__WHAT IS REQUIRED__
In the material below, write out each line word for word and omit the pictures.

__THE DATA__

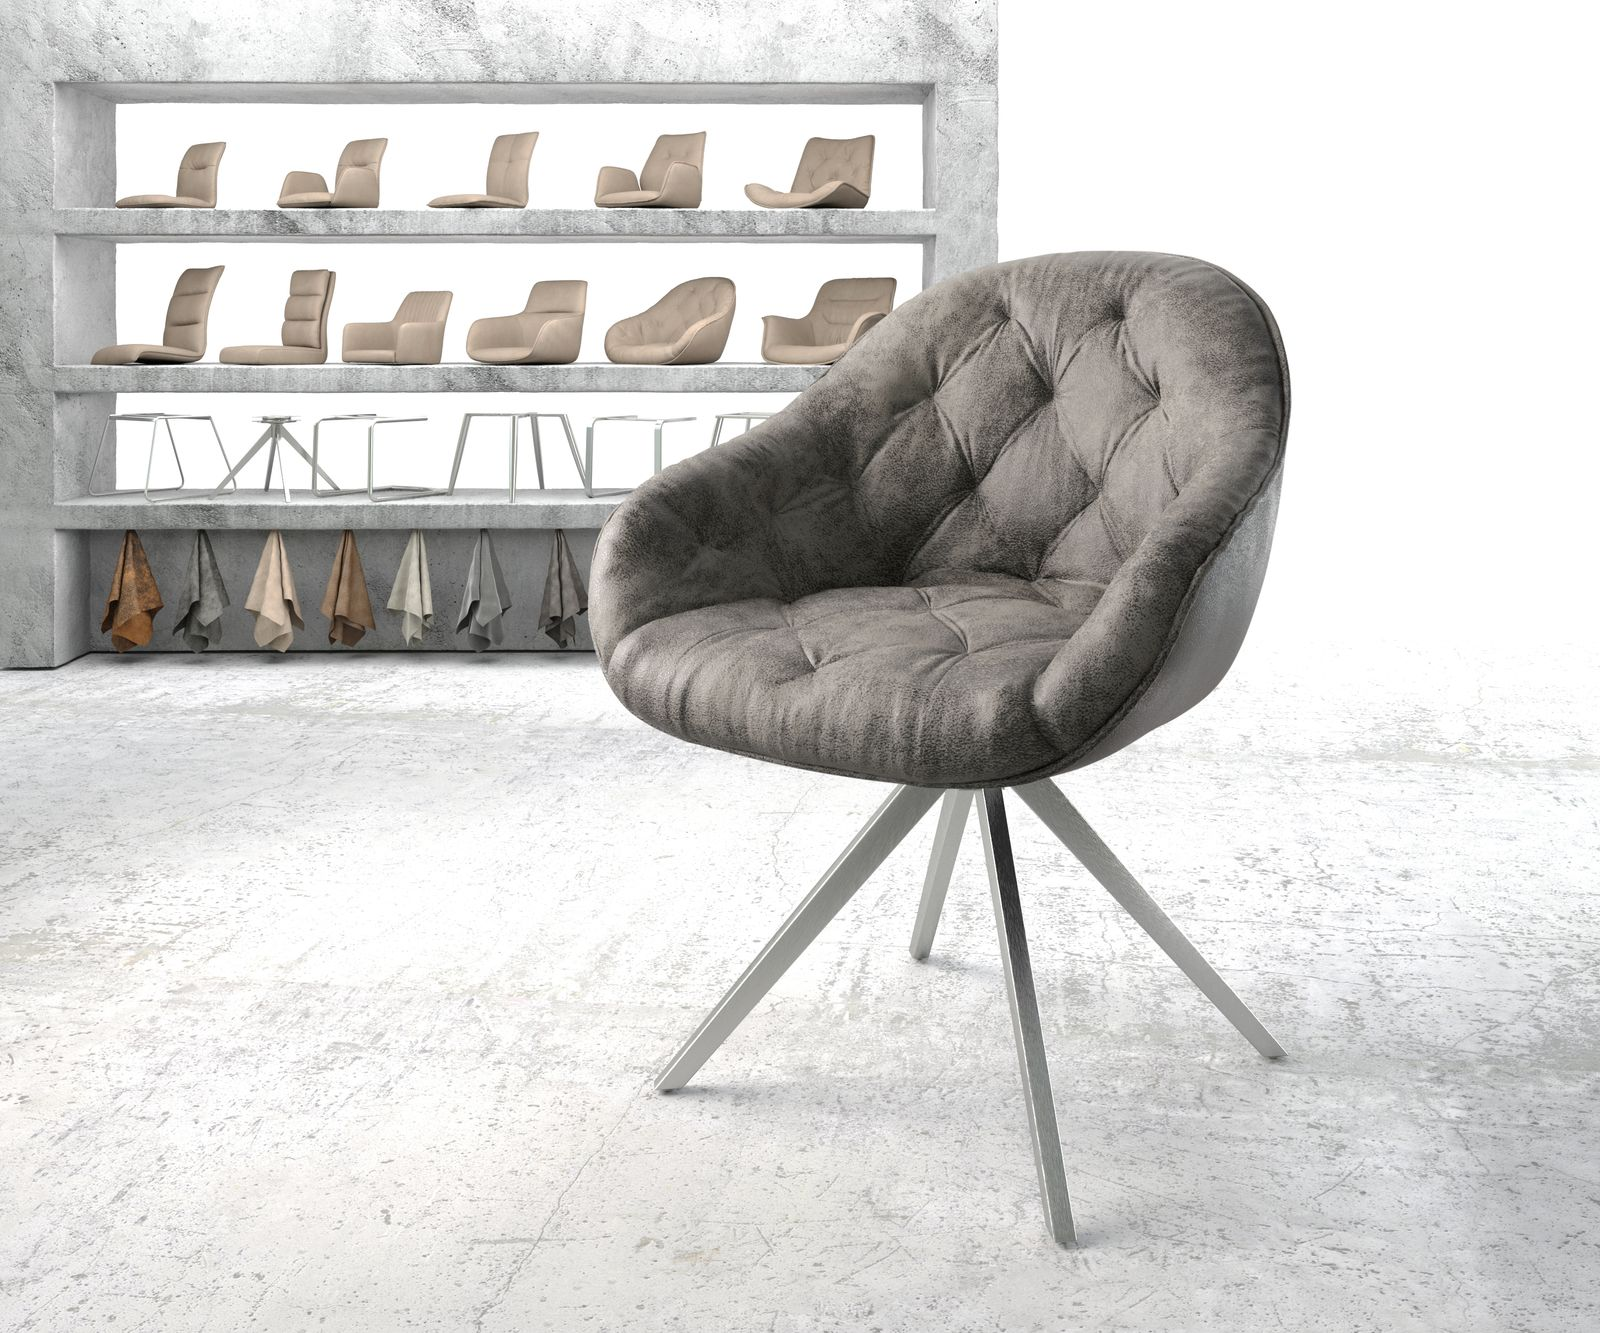 delife-armlehnstuhl-gaio-flex-grau-vintage-kreuzgestell-drehbar-edelstahl-esszimmerstuhle
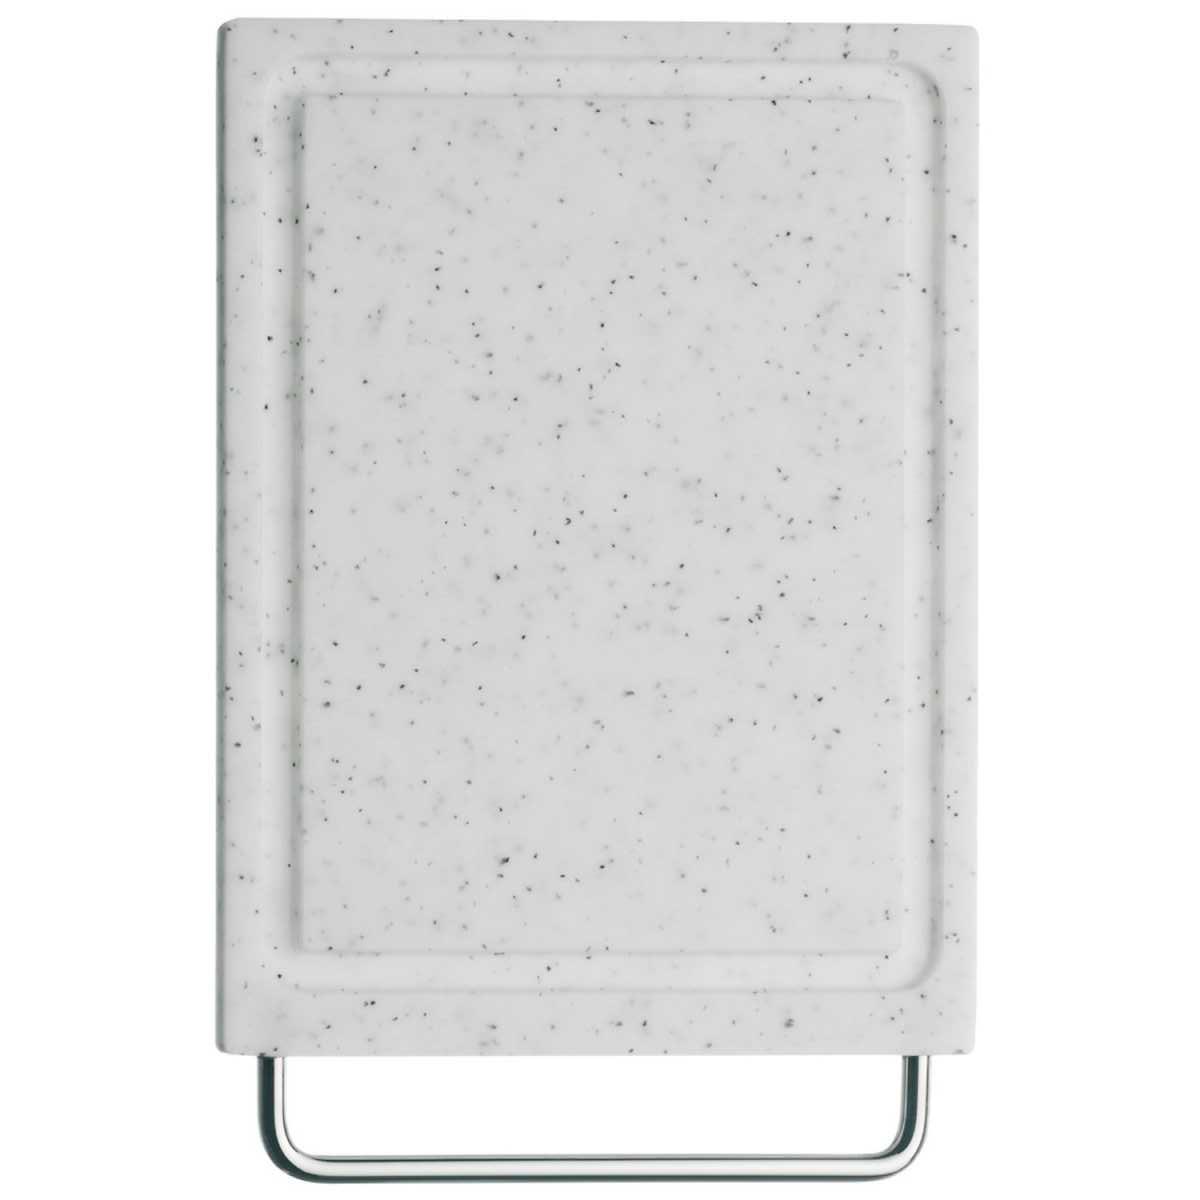 Доска разделочная WMF CHOPPING BOARDS, 27х20 см, серый WMF 18 7991 7470 фото 1
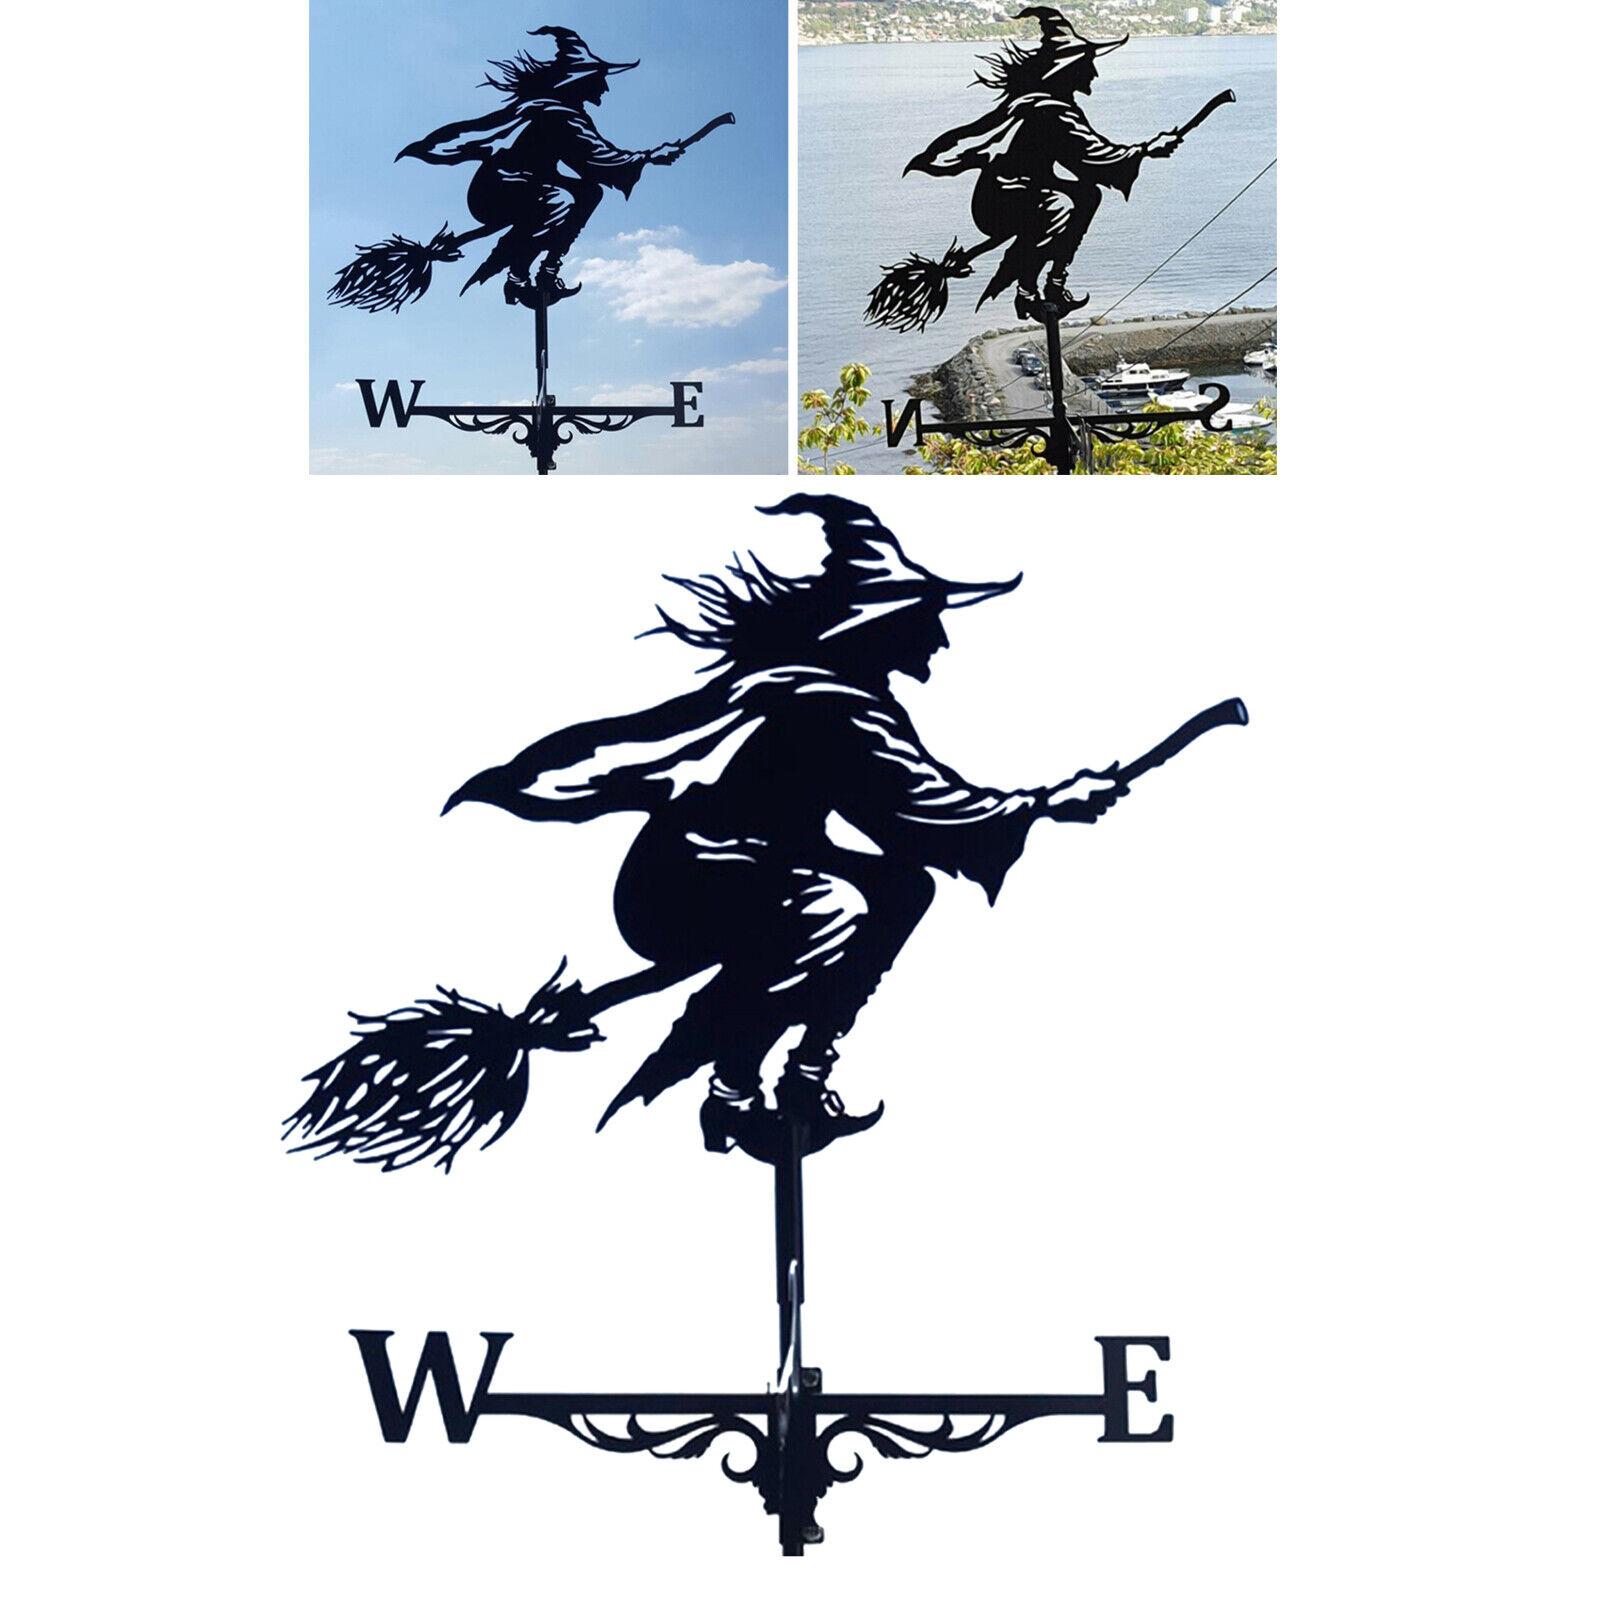 Metal Black Witch Weathervane Outdoor Mount Weather Vane Roof Fence Decor 30''

__REPLY__
 delife-armlehnstuhl-gaio-flex-grau-vintage-kreuzgestell-drehbar-edelstahl-esszimmerstuhle
 Доска разделочная WMF CHOPPING BOARDS, 27х20 см, серый WMF 18 7991 7470 фото 1
 Metal Black Witch Weathervane Outdoor Mount Weather Vane Roof Fence Decor 30''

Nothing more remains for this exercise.